Diese Studie ermöglichte es uns, mehrere Vorhersagen zu treffen, die experimentell leicht überprüfbar zu sein scheinen. Eine Gruppe solcher Vorhersagen umfasst Rückschlüsse auf Veränderungen von Regulationsmustern, nämlich den Verlust der Autoregulation im H.influenzae Ortholog von PurR, andere Art der Unterdrückung von purB, und die offensichtliche Änderung in der Regulierung von aroG. Die zweite Gruppe von Vorhersagen erweitert sowohl die Purin- als auch die Arginin-Regulone um E coli und H.influenzae durch Einbeziehung von Transportproteinen (Purin- und Arginintransporter). Es ist etwas überraschend, dass diese Transportsysteme, insbesondere die große Familie der H + / Purin-Symporter, durch genetische Analyse nicht als Teil des Purin-Regulons identifiziert wurden. Eine mögliche Erklärung ist, dass alle Gene dieser Familie, von denen vorhergesagt wird, dass sie unter der PurR-Regulation stehen, enge, nicht regulierte Paraloge haben und daher die Wirkung von Mutationen in den regulierten Genen nur unter sehr spezifischen Bedingungen manifest werden könnte.

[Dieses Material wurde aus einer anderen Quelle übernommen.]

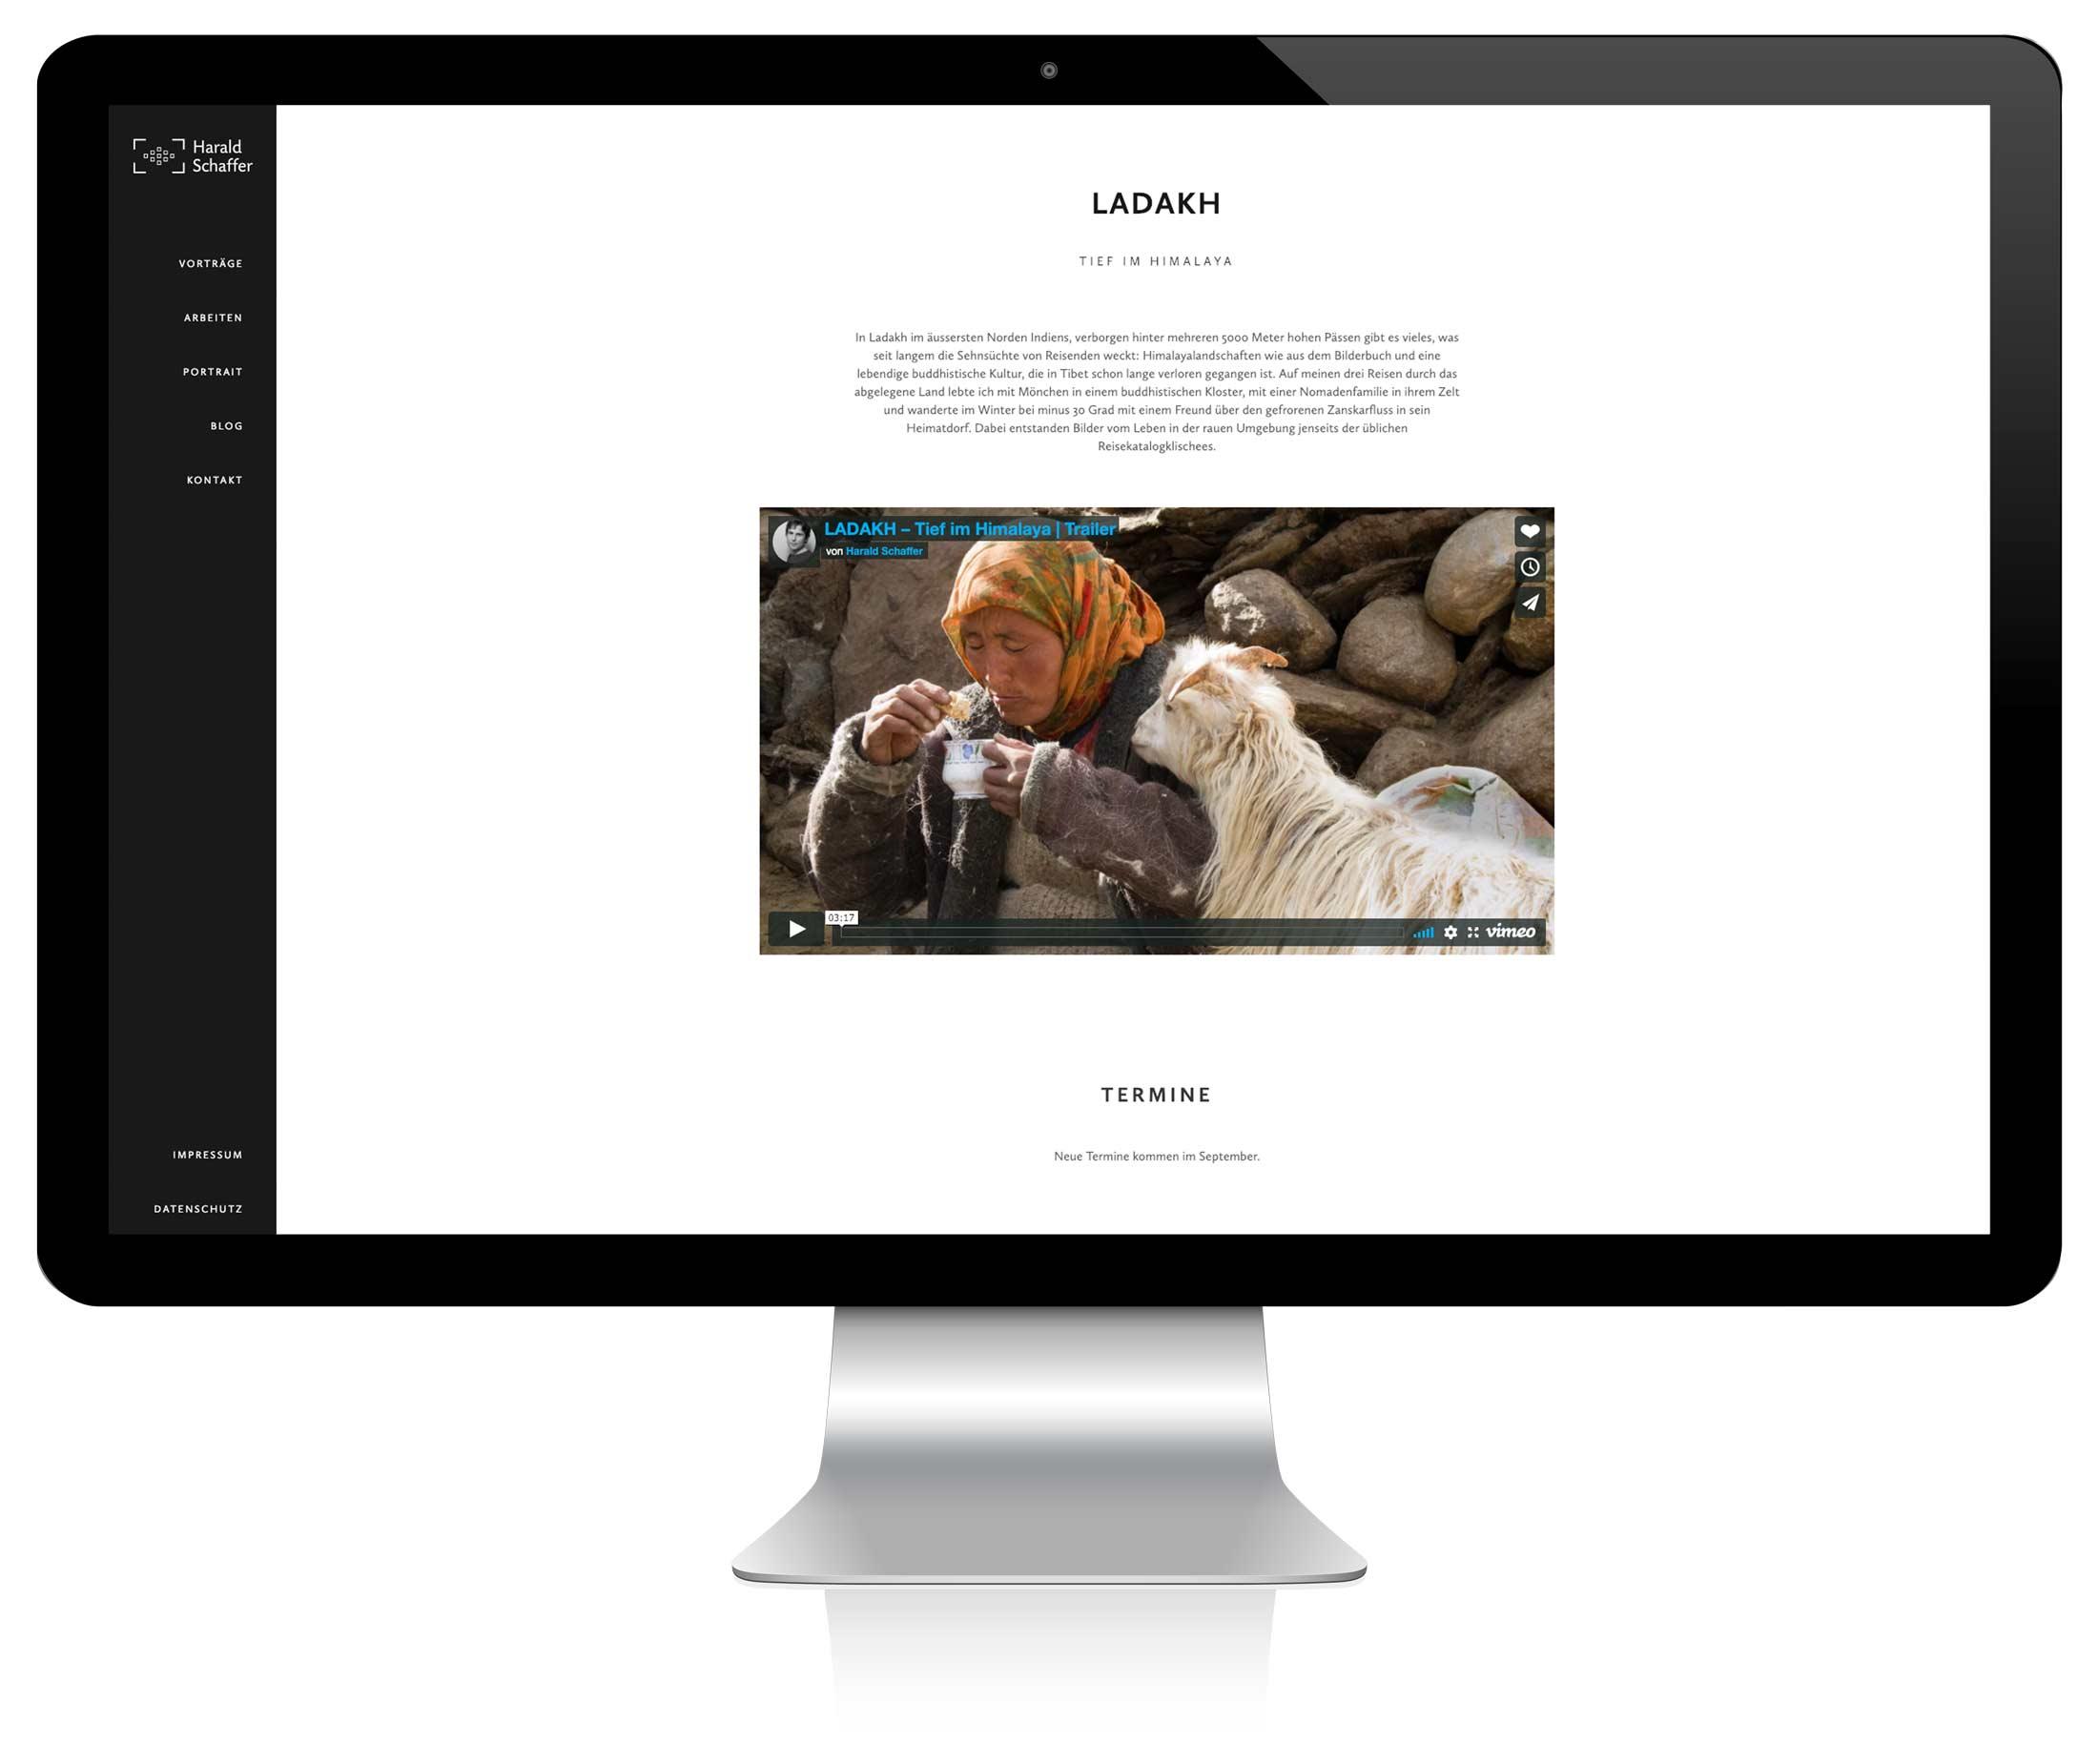 Harald Schaffer Website auf Computer-Bildschrim angezeigt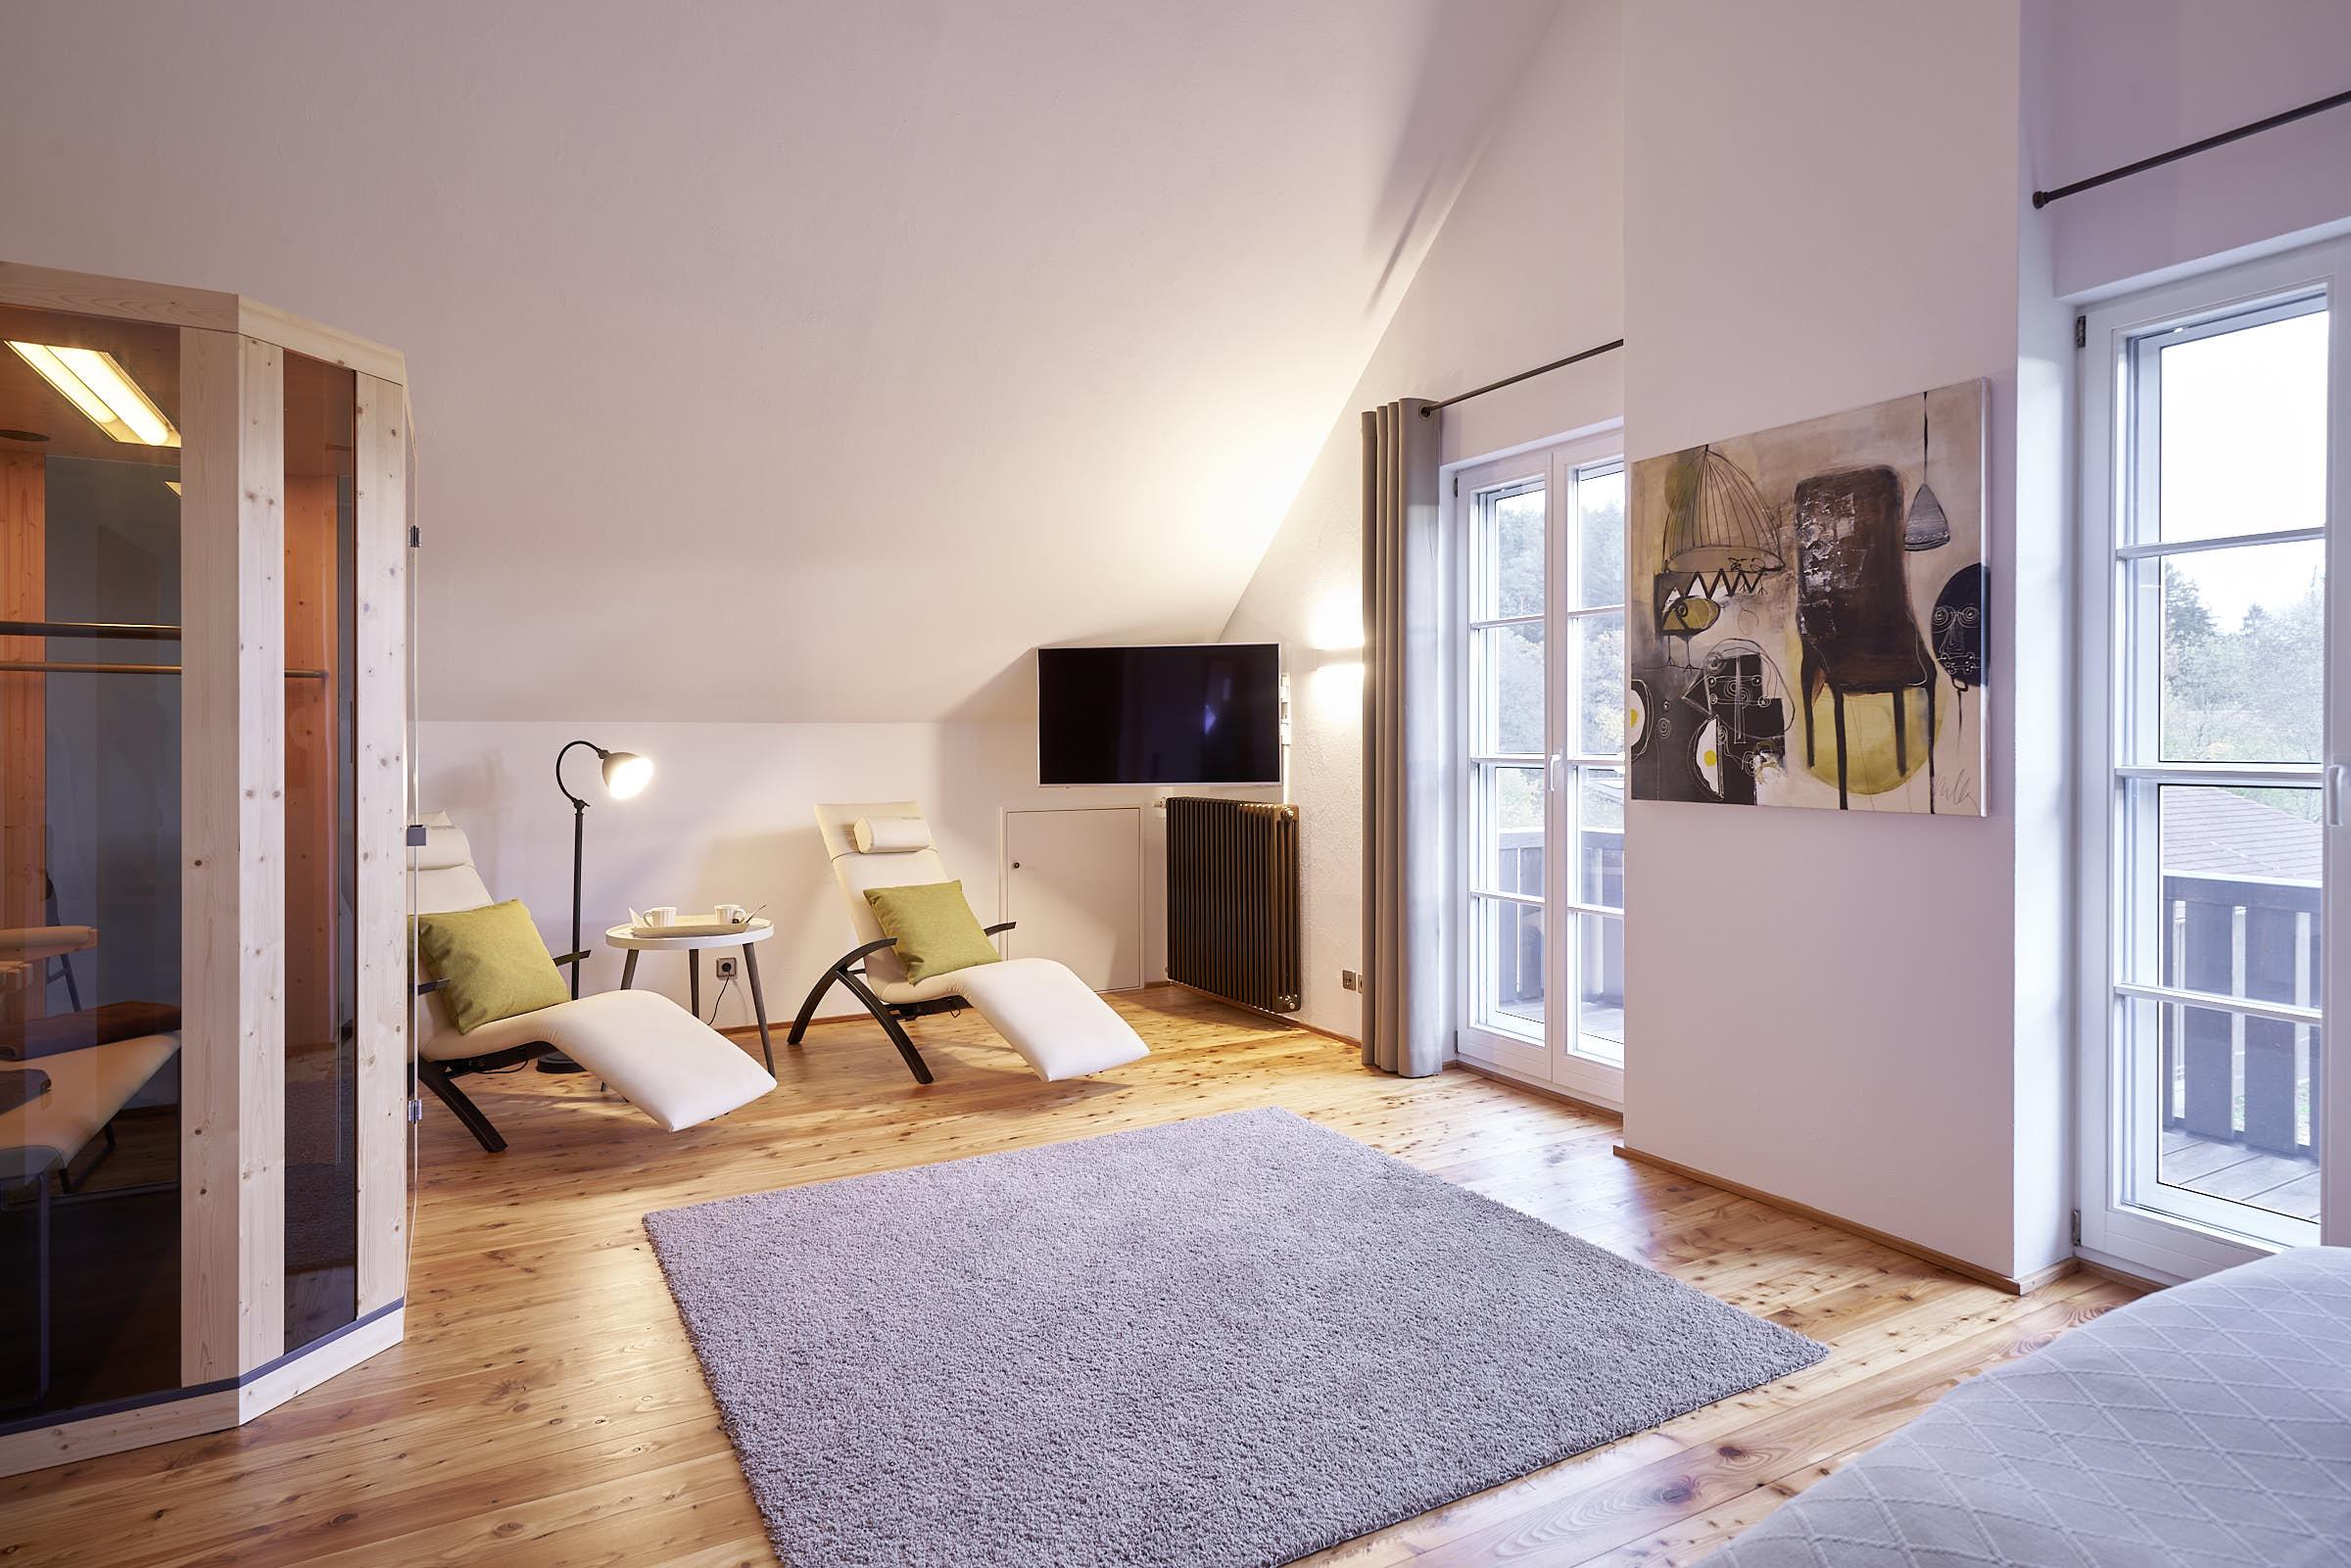 Masterschlafzimmer mit Infrarotkabine, 2 Wärmeliegen, TV und Balkon , DG

Weitere Forschungsrichtungen werden die Analyse globaler Regulationssysteme, wie SOS-, CRP-, Fur- und Fnr-Regulonen, sowie multipler interagierender Systeme sein, zum Beispiel die Interaktion zwischen Purin- und Pyrimidin-Regulation oder die Interaktion zwischen der Regulation durch Repression und durch Attenuierung im Aromaten Aminosäureregulon sowie Vergleiche zwischen weiter entfernten Genomen, wie z E coli und B.subtilis. Als weiter entferntes Ziel sehen wir die Entwicklung von Techniken zur systematischen Charakterisierung von Regulationswegen in neu sequenzierten Genomen.